Испитая Ириша вызывала у него раздражение пополам с жалостью. Когда-то они учились в одном классе и некоторое время даже женихались. «Совсем спилась, кошелка, — подумал он зло про одноклассницу, — еще и наезжает, синячок».
— А что ты на меня одним глазом смотришь? — спросил он Иришку, заранее зная ответ.
— Если открою второй — голова расколется, — хрипло рассмеялась бывшая одноклассница.
— Ничего, сейчас поправишься.
Глаза компании зажглись селедочным блеском, а губы залоснились, предчувствуя конец утренним страданиям. Из-за угла показался жизнерадостный Лохмач. По дороге он уже размялся пивком и чувствовал себя Айболитом, спешащим на помощь прихворнувшим зверятам. Афган принялся разливать, а Курнак вскрывать банку с маринованными огурцами и бить по рукам самых нетерпеливых.
— Анисим, водку будешь? — Афган застыл с водкой над пустым стаканчиком.
— Не, я только бутылку пива выпью и домой.

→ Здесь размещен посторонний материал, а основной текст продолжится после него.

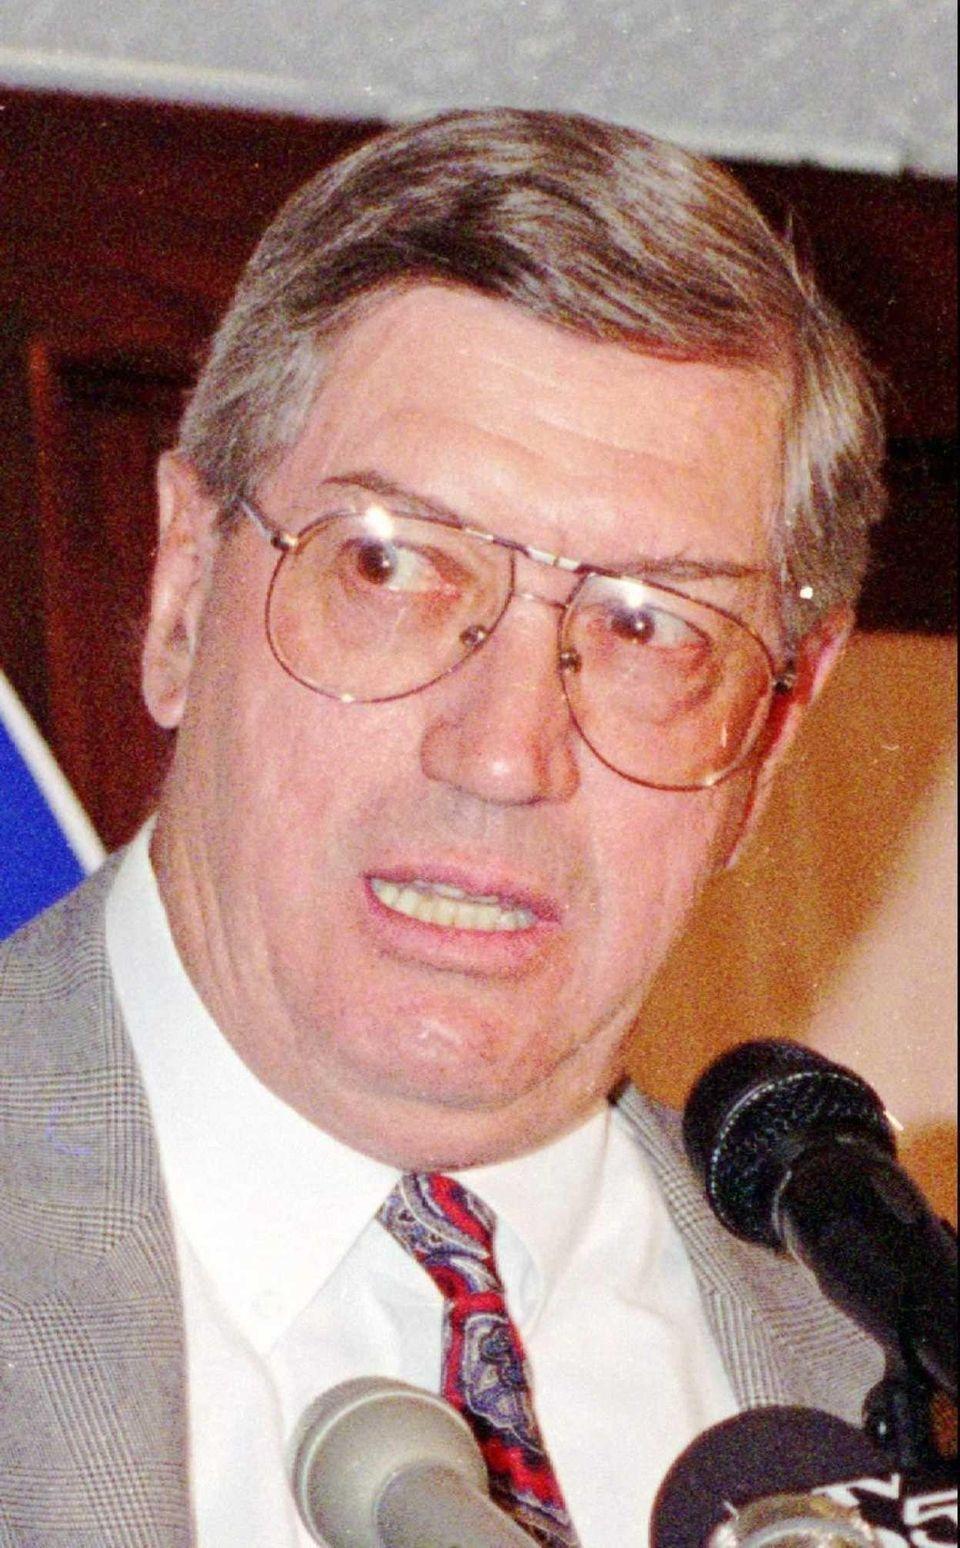 Al Arbour in 1994.

— Посмотрим, — каркнула Ирка.
— Сказал бутылку, значит, бутылку, — отрезал Анисимов и звонко чпокнул пробкой.
— А руки-то помнят, — ухмыльнулся Кубарек.
— Мастерство не пропьешь, — откликнулся Лохмач.
— Как же ты развязал-то? — опять пристала Ириша.
— Да не развязывал я, — возмутился Анисимов, — я на год кодировался. Год прошел. Ну и все. Теперь у меня в холодильнике всегда будет стоять пиво. Раз в месяц выпью бутылочку, и хорош.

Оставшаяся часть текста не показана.